Workers are voting with their feet, and that’s difficult to control. When values and expectations change, everything else eventually changes, too.
What happens when the workforce no longer wants to work? We’re about to find out. As with all cultural sea changes,
macro statistics don’t tell the full story. The sea change is better illuminated by anecdotal evidence:
workers constantly quitting to take better jobs; zero loyalty to corporate employers; workers cutting hours from full-time to part-time; workers going out for lunch and never coming back; workers giving up on selling sugar-water for the rest of their lives (echoing Steve Jobs’ famous challenge to John Scully: “Do you want to sell sugared water for the rest of your life?
Or do you want to come with me and change the world?”) and giving up on owning an insanely over-valued house.
Workers may sell sugar-water but their hearts are no longer in it. Some are interested in changing the world,
and others are interested in changing their own lives as the means to change the world.
Numerous articles have been published describing these cultural changes in values and expectations: here
are three:
From the Great Resignation to Lying Flat, Workers Are Opting Out: In China, the U.S., Japan, and Germany,
younger generations are rethinking the pursuit of wealth.
‘We are the last generation’: China’s youth rallied around a now-censored social media hashtag to
rage about their disillusionment with life and disdain at draconian lockdowns
The rise of ‘bai lan’: why China’s frustrated youth are ready to ‘let it rot’
Note that this cultural shift is global. The dynamics of the global economy are similar the world over:
capital has garnered most of the gains of the past generation, leaving shards for labor; the “good things in life”
such as owning a house and nice vehicle have soared out of reach of all but the top 10% of households; youth
were implicitly promised “good paying jobs and fulfilling careers” if they went to university, and then they graduate
into a global economy of dead-end jobs and cut-throat competition for the few slots at the top of the constantly
eroding sand pile.
The global lockdown revealed several great truths to many idled workers: 1) I’m wasting my life slaving away
for an employer to whom I am disposable; 2) trying to own the upper-middle class lifestyle is not worth the
sacrifices required, and 3) there are ways to work less and still get by, and live a better life doing so.

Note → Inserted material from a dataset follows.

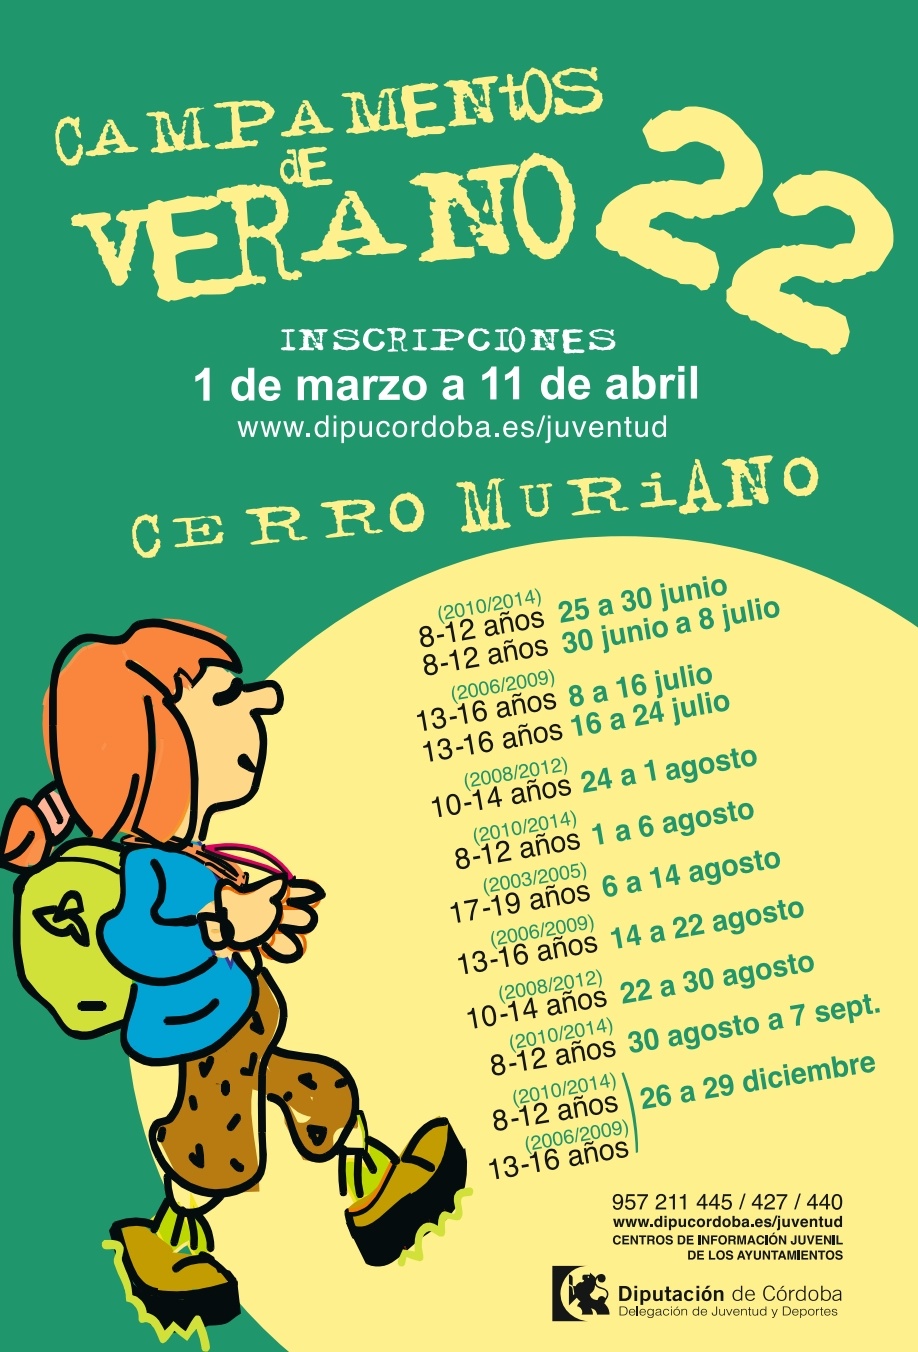 Abierto plazo de inscripciones para programa de actividades de verano para jóvenes en Córdoba.

Once the rats are no longer interested in the rewards because they’re out of reach, they jump off the wheel.
Once the tax donkeys flop down in exhaustion and ask why they’re working so hard to pay outrageous taxes and fees,
they lose interest in carrying their heavy load ever again. When debt-serfs stop and calculate their chances
to pay off their debt and reach upper-middle class Nirvana, they bail on the entire project.

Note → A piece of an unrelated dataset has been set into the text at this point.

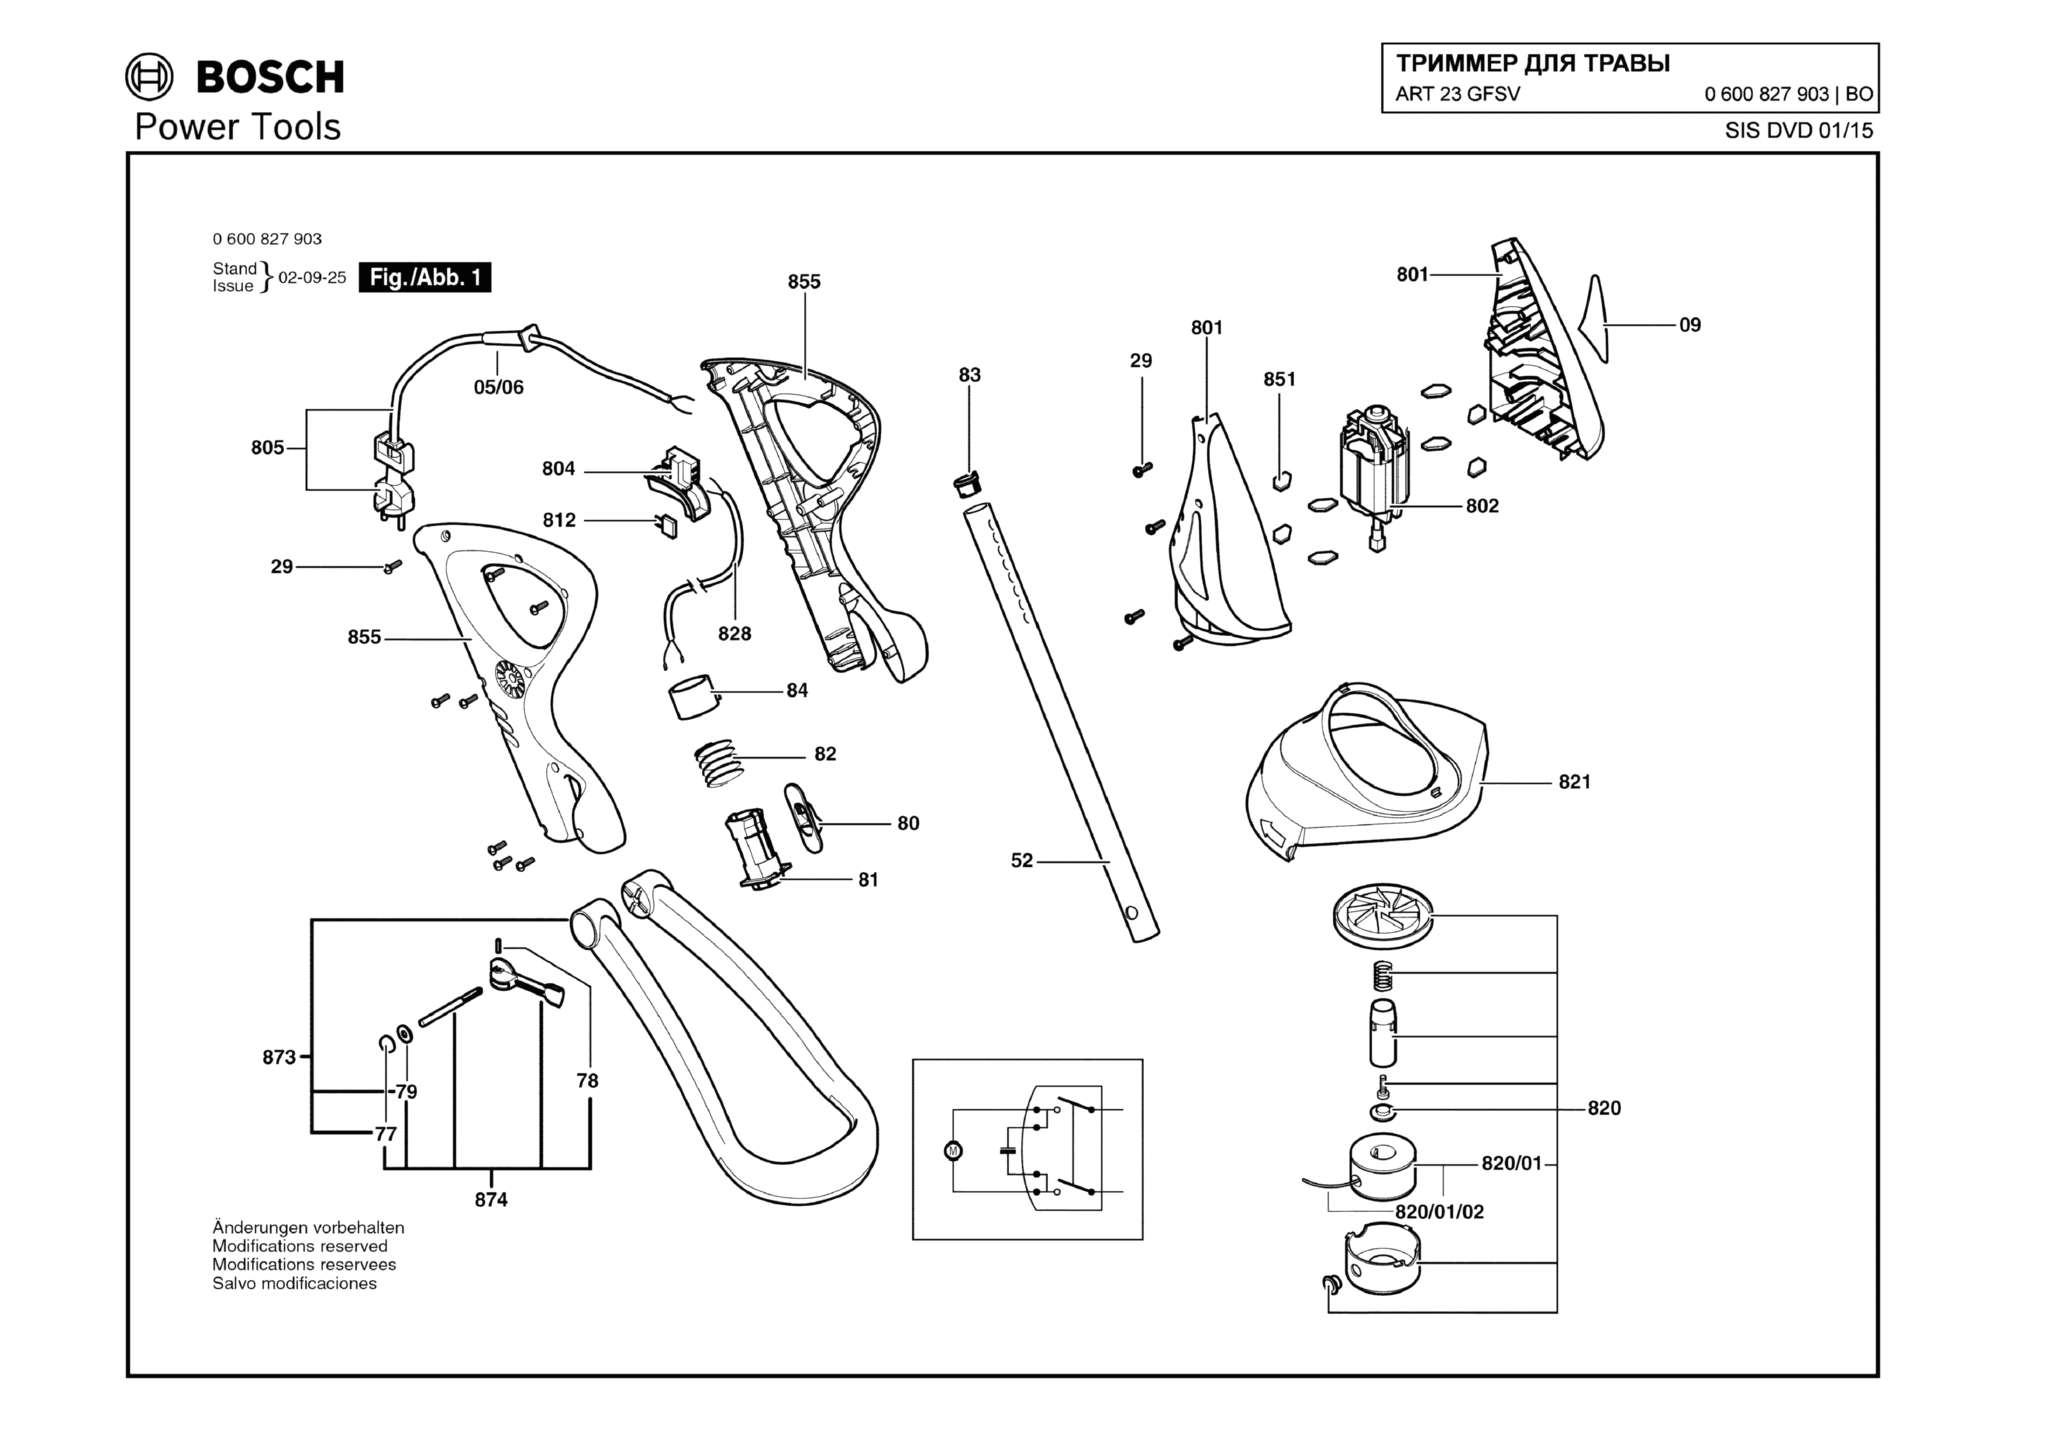 Запчасти, схема и деталировка Bosch ART 23 GFSV (ТИП 0600827903)

People found they could get by on much less than they previously reckoned. Some found niches in the informal
or gig economies, others secured a quasi-pension in the social-welfare system, others decided that net-net of
expenses, they were better off quitting and staying home to care for the kids rather than pay thousands of dollars
in higher taxes and childcare fees for the privilege of busting their derrieres on an endless treadmill.
People realized they wanted a career and worklife they defined and controlled rather than one defined and
controlled by an employer.
Some people awakened to the practicality of micro-homes and small home-based enterprises. They realized they didn’t
have to sign on to a lifetime of labor as tax donkeys and debt-serfs.
Employers are struggling to adapt to this cultural transition. Those demanding employees go back to the
good old days are like dinosaurs expecting the meteor-strike’s effects to dissipate in a few days.
The fantasies of fully automated whatever have been revealed as unrealistic. As with all such techno-fantasies,
the proponents are never experts in the field being touted as the solution. Automation has limits. Robots
break down, need to be reprogrammed, and need human co-workers (so-called cobots). Enthusiasts naively
believed that because something is technically possible, that it automatically becomes financially viable. This is
an entirely different proposition.
How this all plays out is an open question. The Powers That Be don’t approve, for obvious reasons:
who’s going to do all the work to enable our lavish lifestyles and gargantuan gains?
Workers are voting with their feet, and that’s difficult to control. When values and expectations change,
everything else eventually changes, too.